Gases and Dust Caused Ohio Silo Blast That Claimed Two Firefighters

Nov. 20, 2003
A silo explosion that killed two people at a lumber company last month was caused when air rushed into a cavity of burning wood chips, igniting gases and dust, state fire officials said Wednesday.
DAYTON, Ohio (AP) -- A silo explosion that killed two people at a lumber company last month was caused when air rushed into a cavity of burning wood chips, igniting gases and dust, state fire officials said Wednesday.

The Oct. 1 fire and explosion at the Hoge Lumber Co. in the western Ohio village of New Knoxville was accidental, said investigator Dennis Cummings.

The explosion blew the top off the burning silo, sending chunks of the 75-foot-high concrete structure flying into a cemetery 100 yards away.
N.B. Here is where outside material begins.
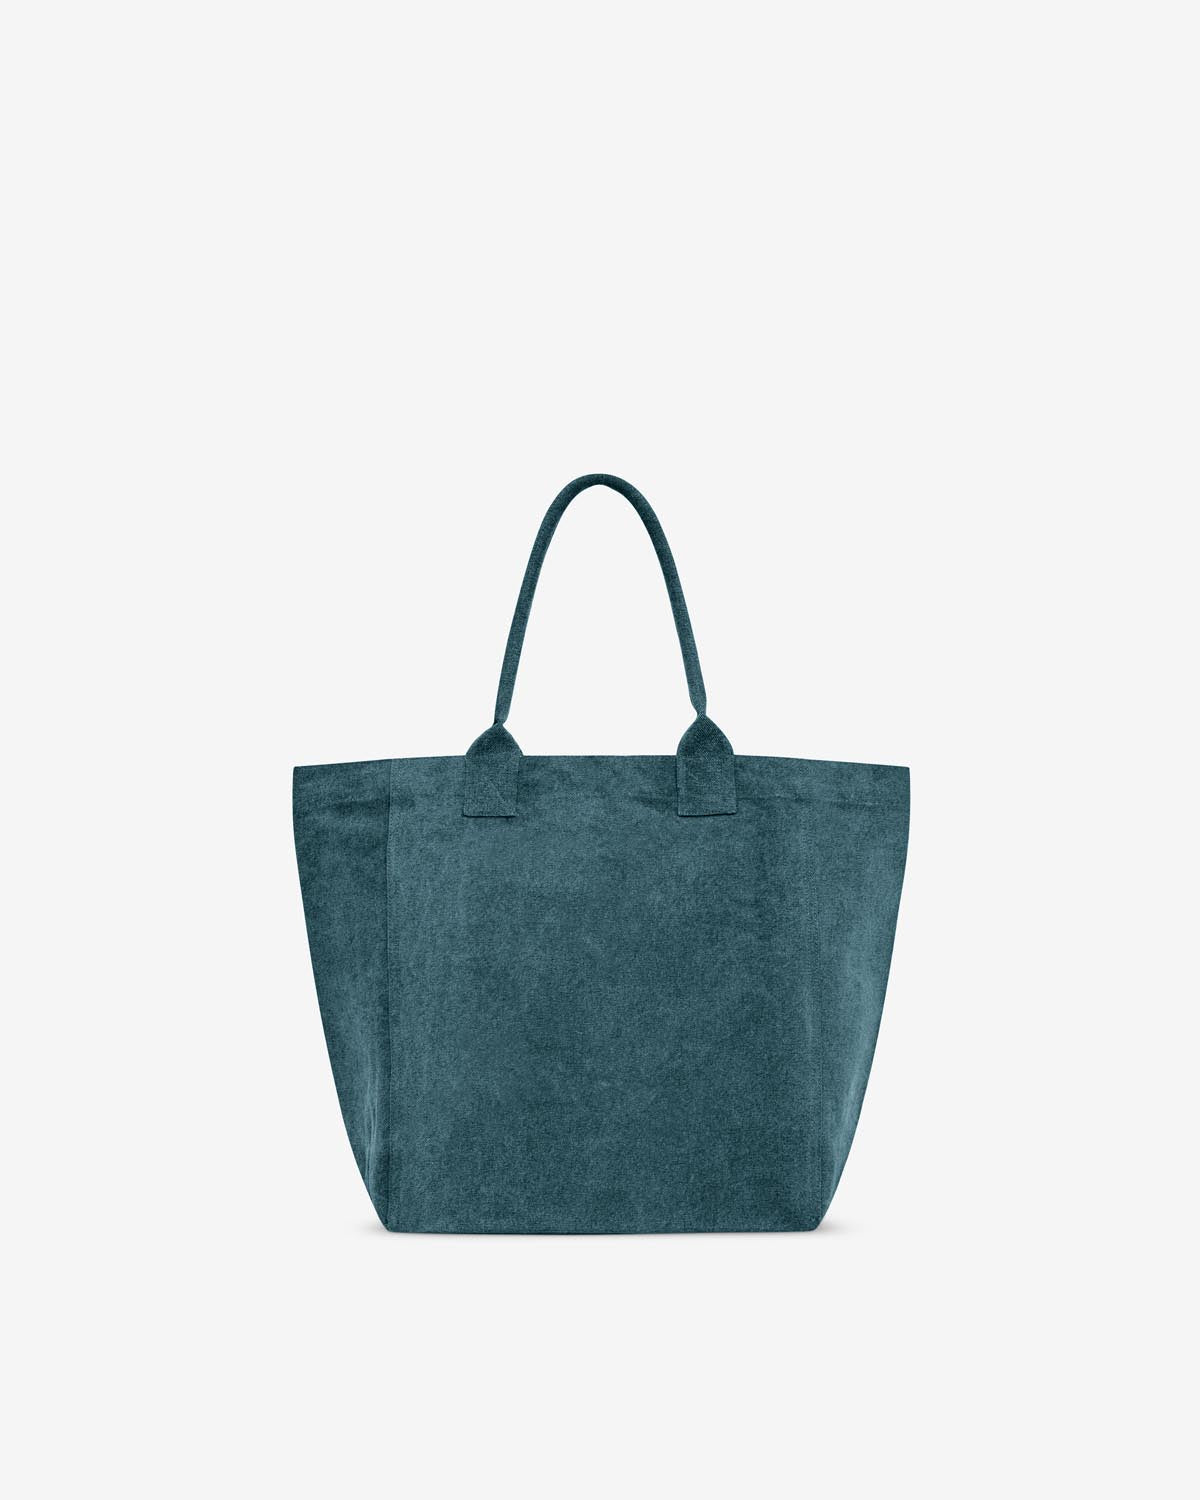 Bolso tote yenky Woman Verde oscuro 2

Kenneth Jutte, 44, and John Garman, 42, both volunteers with the New Bremen Fire Department, were killed. One firefighter and eight people on the ground were injured.

Cummings said the fire likely started from heat generated from the friction of a belt on a pulley being used to remove wood chips from the silo.
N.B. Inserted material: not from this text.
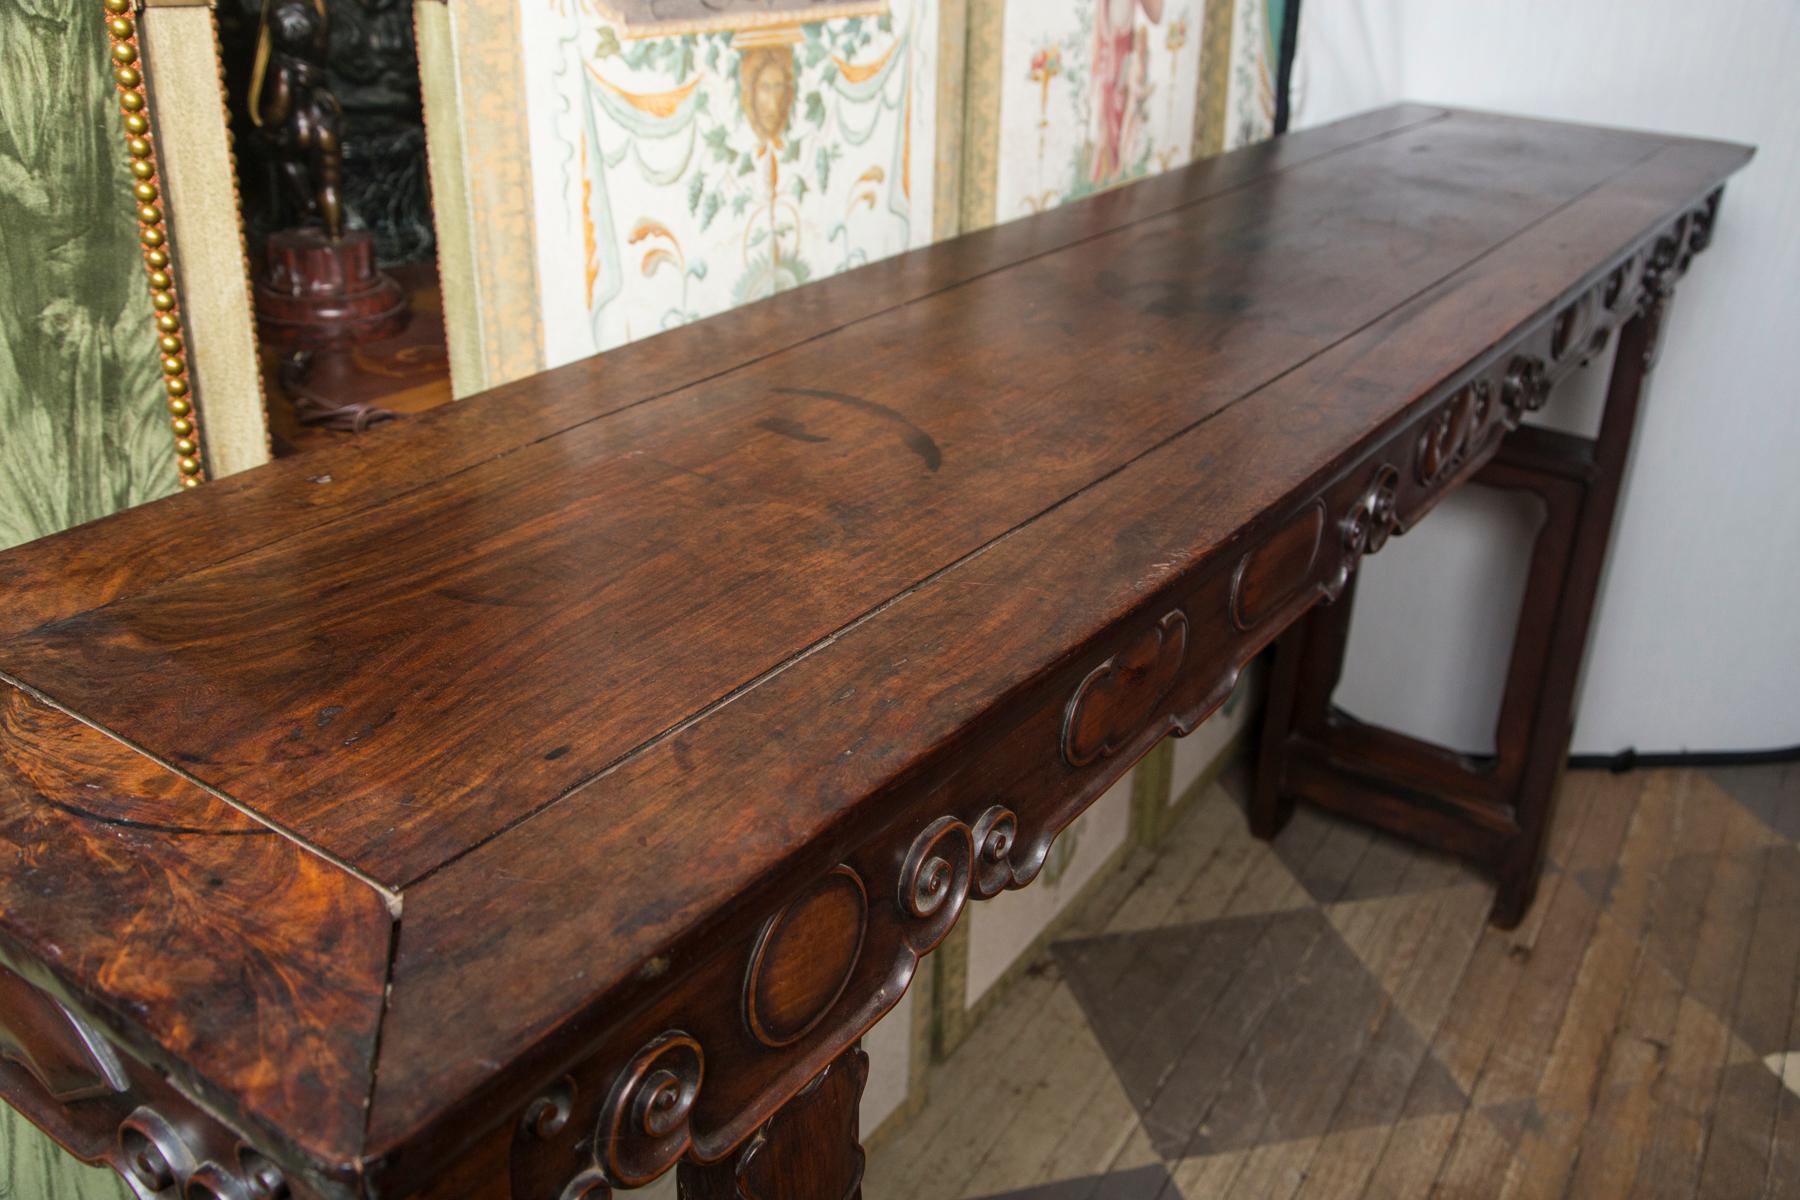 Hand-Carved 17th-18th Century Chinese Hard Wood Altar Table

The fire smoldered for several hours and burned a cavity in the center of the chip-filled silo, growing bigger and bigger. When the top of the wood chips collapsed into the cavity, oxygen and gases at the top of the silo rushed into the fire, Cummings said.

The gases and wood dust created by the collapse ignited and produced an explosion that blew off the top of the silo, he said.

New Knoxville is about 50 miles north of Dayton.